I look there first before I go asking ''how do I do this''.


----------



## sbrn33 (Mar 15, 2007)

16 unit single story? Don't see that everyday. If I was an inspector I would also classify this as commercial or I would make you have firewalls in between the commercial side and the resi. Mac, in the Midwest a lot of places require commercial to be conduit or MC.


----------



## macmikeman (Jan 23, 2007)

sbrn33 said:


> 16 unit single story? Don't see that everyday. If I was an inspector I would also classify this as commercial or I would make you have firewalls in between the commercial side and the resi. Mac, in the Midwest a lot of places require commercial to be conduit or MC.


I don't blame them due to seeing what rodents can do to romex. However, having said that, written amendments to code are required , not just some ''chief inspector'' and the old '' this is how I like it'' . People love spending other peoples money for them altruistically. Chief inspectors included. 

Number of floors is not the consideration any longer, the type of building construction is. See NEC 334.10 and 334.12.


----------



## Southeast Power (Jan 18, 2009)

Ive seen plenty of commercial spaces wired with Romex.

Never done it myself but was up in the middle of Florida and, there it was...


----------



## donaldelectrician (Sep 30, 2010)

Arikculwell said:


> Well its connected to a commercial kirchen and offices so chief inspector said the units must be in mc aswell. But thanks.




MC in large numbers is a pain through Fire walls and electric rooms .


Plan ahead , EMT greatly cuts penetrations to be Fire Stopped .



Don


----------



## Arikculwell (Feb 16, 2016)

Got like 6 units in... My jman started talking to those air con people who seem to always be in my way and they said they was setting the dwelling as residental and the main hall/office/kitchen/dinning as commercail.......... cheif inspector... originally said that if dwellings reside under same roof then commercail rules apply under the entire roof... long story short my boss called him back and i guess its "okay" to run the dwellings in romex but, the entry door from hallway would be considered commercail so metal 3gang/mc/box. Now i know im just a lil over a year apprentice... but i enjoy the challenges of the trade. So can some one refer a code(section to read) where this is allowable?? As some one stated before its not what chief says its what nec says. Oklahoma goes by 2012.

Please, i dont need any comments like...
"Plan engineered approved??" I get paid by the hour, if builder wants to use my jman to make the plan so be it. Not my concern.


----------



## telsa (May 22, 2015)

In a, so-called, half-breed situation -- you must stay with the commercial standard all the way through the commercial space -- AND into the adjoining dwelling space -- until the first j-box, where it can transition to Romex.

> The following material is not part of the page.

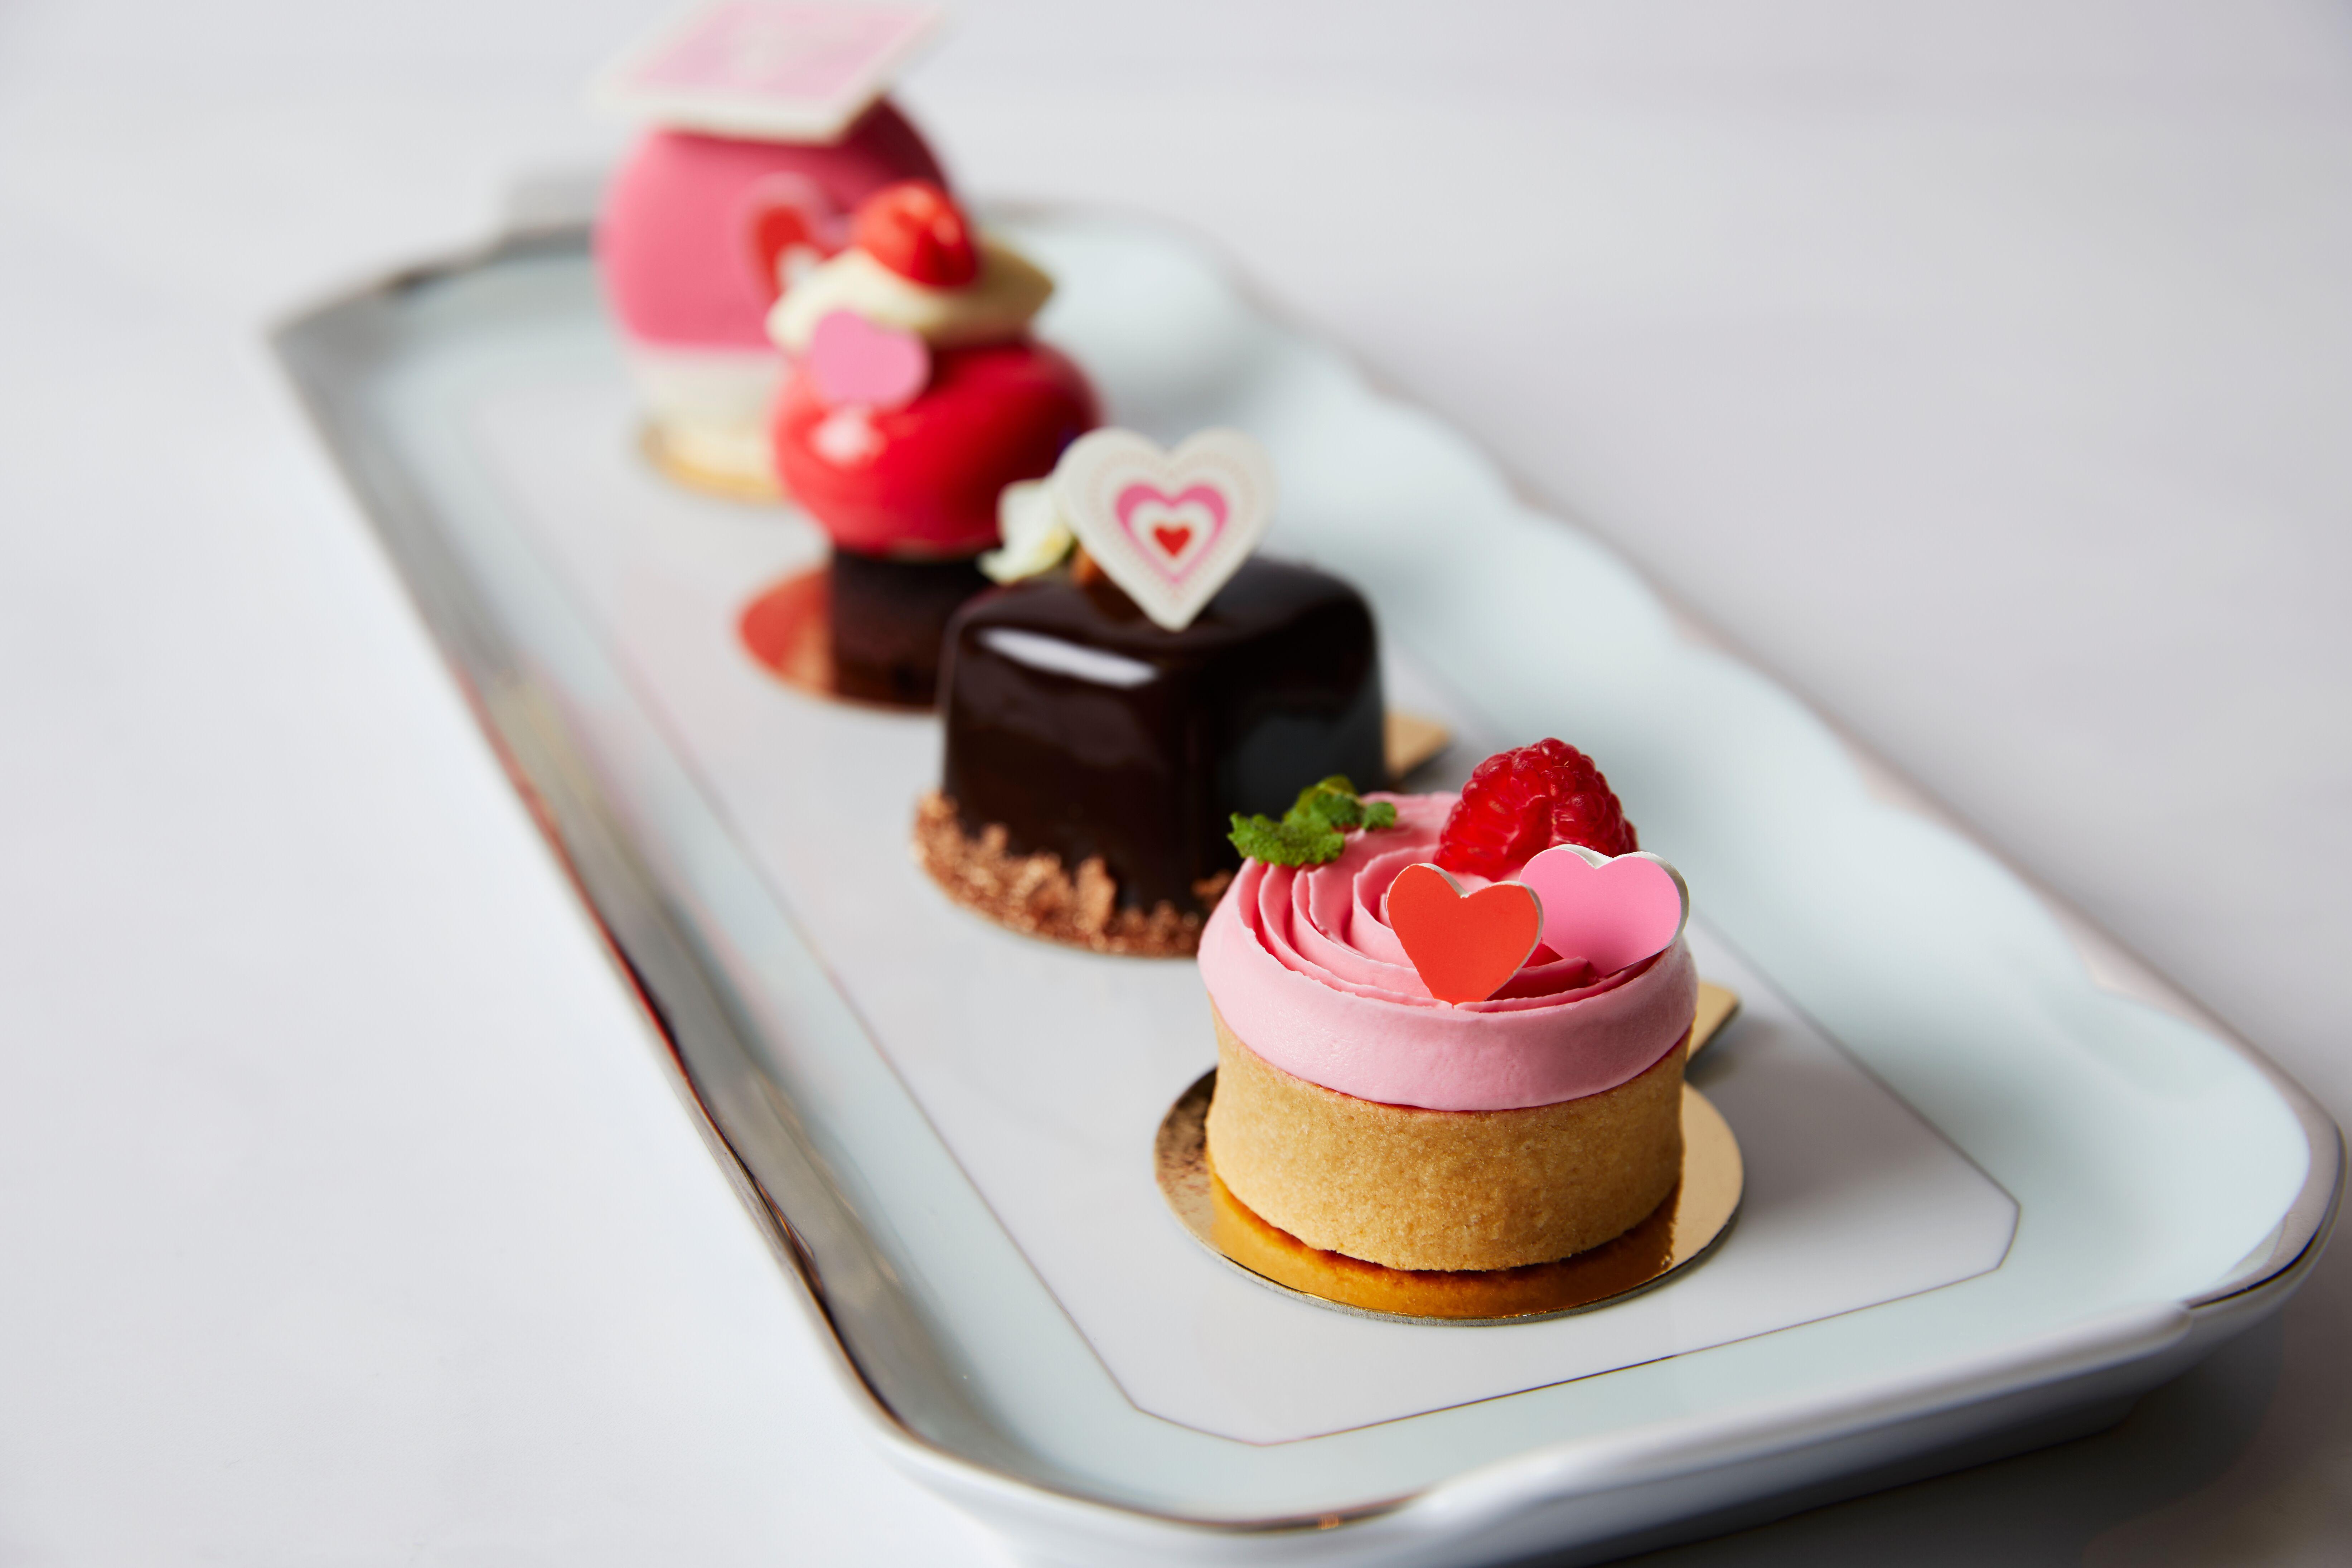 Luxury Valentine's Day Restaurants in London, Valentine's Day Restaurants in London 2019, best Valentine's Day Restaurants in London 2019, top Valentine's Day Restaurants in London 2019, where to celebrate Valentine's Day in London 2019, Valentine's Day Restaurants London 2019, Valentine's Day Restaurants London

I only ever had to wire once this way.

It was a PITA -- and a foolish idea -- as the dwelling space on that build was so tiny.

Whereas, your build would appear to make sense.


----------



## farmantenna (Nov 22, 2012)

using romex makes sense but you can still use romex in an offices . I've done it many times. Its not a place of assembly and the romex is covered behide 15min wall ceiling covering. I would say look at building types allowed for non metallic . we did a 55 unit assisted living and all the units were Romex with double 5/8 rock between unit and hall and had to use fire resistant putty pads on the boxes in that wall. halls and everything else was considered place of assembly since 100+ people could possibly be in the central dining living reading areas. we did a hotel rooms in Romex and everything else MC.  Here in New England most wood constructed buildings have 3/4" furring strips(strapping) running perpendicular to joists so you can staple to underside of joists. but most buildings without strapping have prefab trusses so you can go over the top of them if not an attic area


----------